SODAPOPBOB, thanks for the thread and some interesting reading material. 
 Plumbata, I have never seen a bottle like you posted and must admit i do like it. It is very "different" from other coca cola bottles. With coca cola in script, would that mean that it did in fact contain coca cola?


----------



## Bass Assassin (Aug 6, 2013)

Wait, do I see Hire's at the bottom?


----------



## Plumbata (Aug 6, 2013)

Thanks Mark, even though it isn't very dramatic shape-wise, it still seems like a morphological "baby step" away from standard cylindrical sodas and towards the direction of more distinctively-shaped or ornamented "deco" containers. I've seen a few like this bottle possessing only the "Hires" side, with what would be the "Coca-Cola Bottling Co. Peoria, ILL" side comprised of plain vertical ribbing, though that's about as far as my experience goes. When one considers how the bottles would roll along the line, with the widest part of the shoulder and then the widest part of the base (adjacent bottom) making contact, it seems to show an early consideration for the minimization of case-wear on embossing; as seen later in ABM deco sodas with their more deliberate raised "barrel hoops" or whatever ya call the features that they could roll on, thus minimizing damage to embossing in a more systematic manner. 

 And I think it actually contained Hires Root Beer, despite the trademarked script Coke embossing. It is a strange and anomalous hybrid, as both brand names are embossed in their own respective trademarked fonts/styles. Not everyday one comes across a SS coke like this. My dad and I went digging at that TOC dump last month and he pulled it out within minutes of hopping into the dump. Heckuva first bottle of the day.


----------



## Bass Assassin (Aug 6, 2013)

It is a fantastic bottle. Congratulations to you and your father on the find. I'm gonna snoop around on the internet and see if it had any brothers or sisters, because I would like to know if there are more out there like it. Thanks again


----------



## Bass Assassin (Aug 6, 2013)

Sorry BOB,  didn't intend to hijack your thread


----------



## lblackvelvet (Aug 6, 2013)

Hello, I just looked on e-bay and found a bottle similar to yours,    ( with out the coca-cola)  says 1910-1920


----------



## lblackvelvet (Aug 6, 2013)

Sorry, I have yet to figure out how to post e-bay's listings in here. Need to learn how to do that !!!!!  Cool bottle !!!!


----------



## SODAPOPBOB (Aug 6, 2013)

> ORIGINAL:  Bass Assassin
> 
> Sorry BOB,  didn't intend to hijack your thread


 
 You didn't! No explanations necessary.
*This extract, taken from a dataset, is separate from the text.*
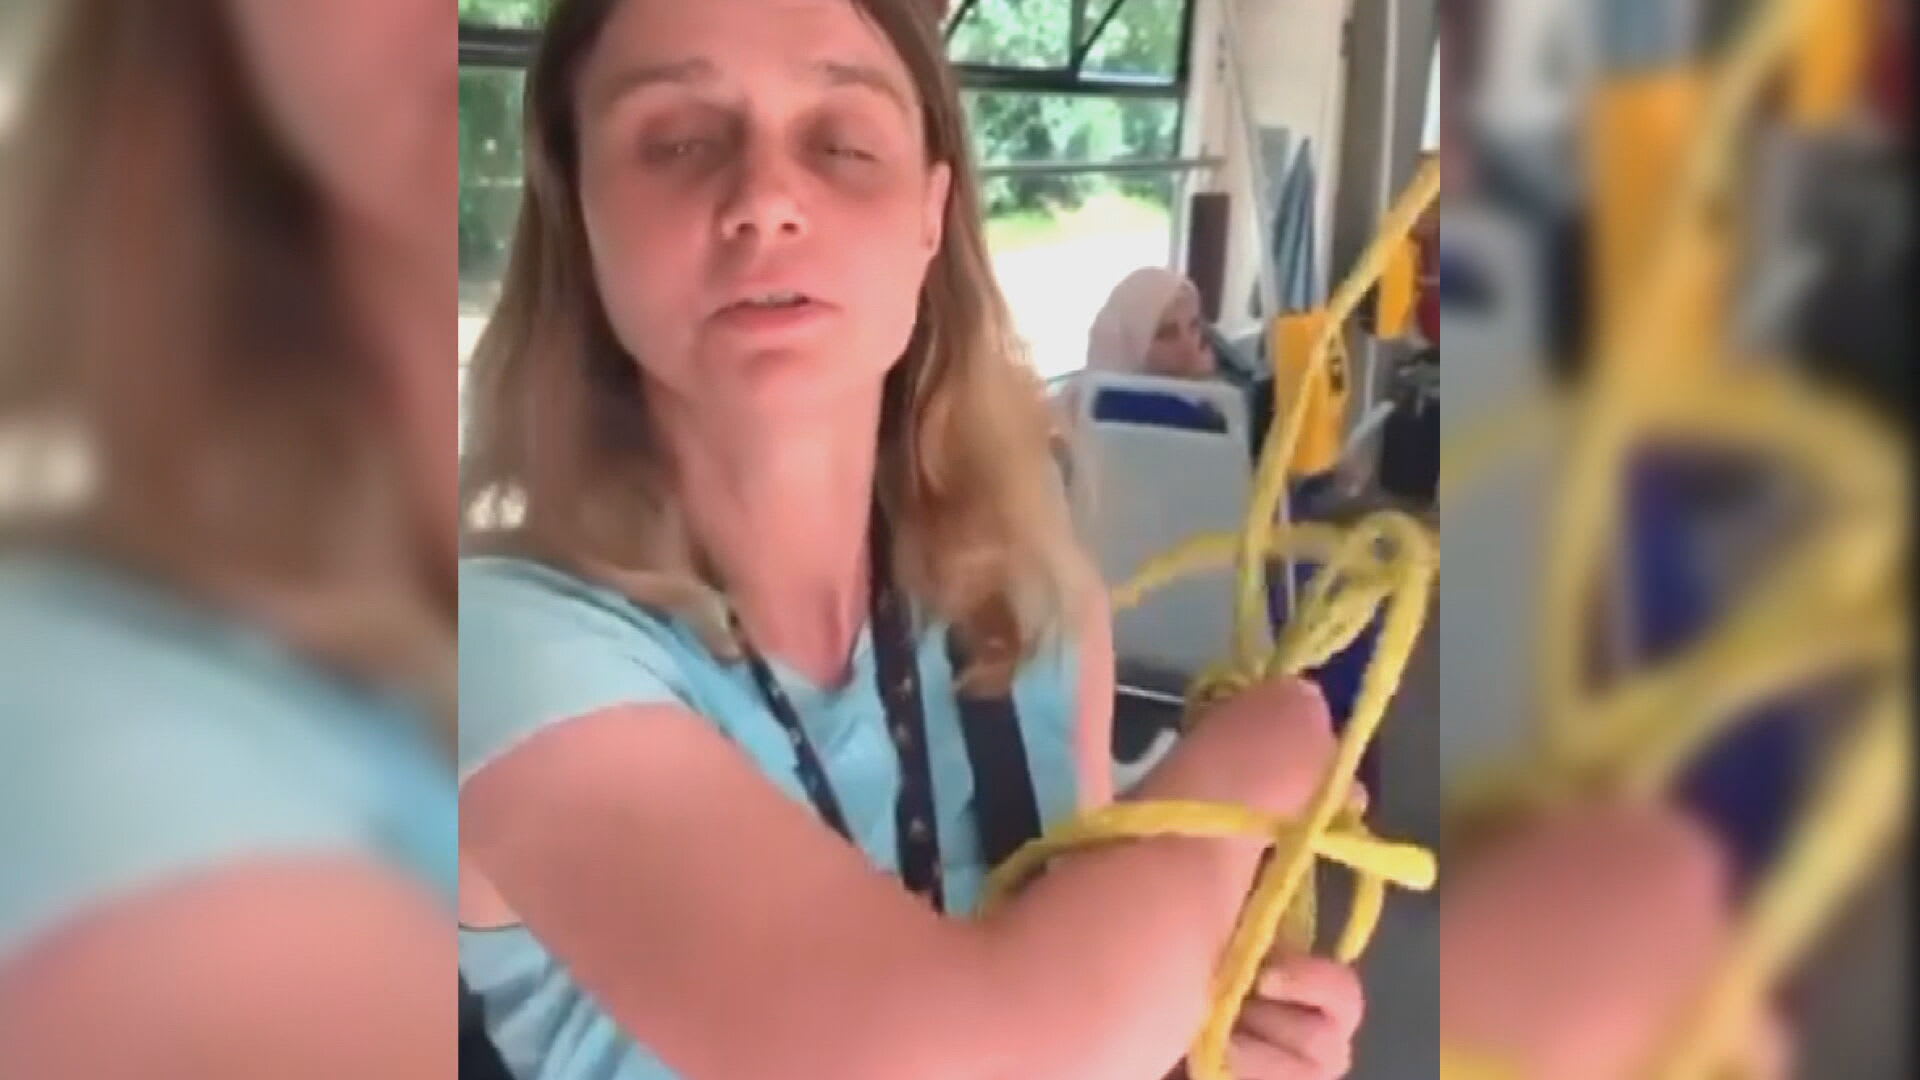 Recidivistka Alice Večerková napadla vodítkem muže v tramvaji

Here's a little something related to the amber Hires/Coca Cola bottle, or at least one similar to it.

 From the Soda Fizz magazine ~ By Kathy ~ 2004

 Scroll to ...

*FYI: Brown Hires Bottle*

 http://www.angelfire.com/zine2/thesodafizz/2004sep28.html


----------



## Bass Assassin (Aug 6, 2013)

Thanks BOB. I have pulled this link and read over it and it is similar, but not the same. I think Plumbata may have stumbled upon a pretty good find. With the Hires logo and the Coca Cola in script, it may be a rarity. This might make a great new thread. I tried to copy and paste his description of and photos of his bottle but couldn't do it. The photos wouldn't transfer for me. I would like to see a new thread started with his bottle to see if there's another out there . Plumbata, could you do that for us? Just curious to see what kind of results we get.


----------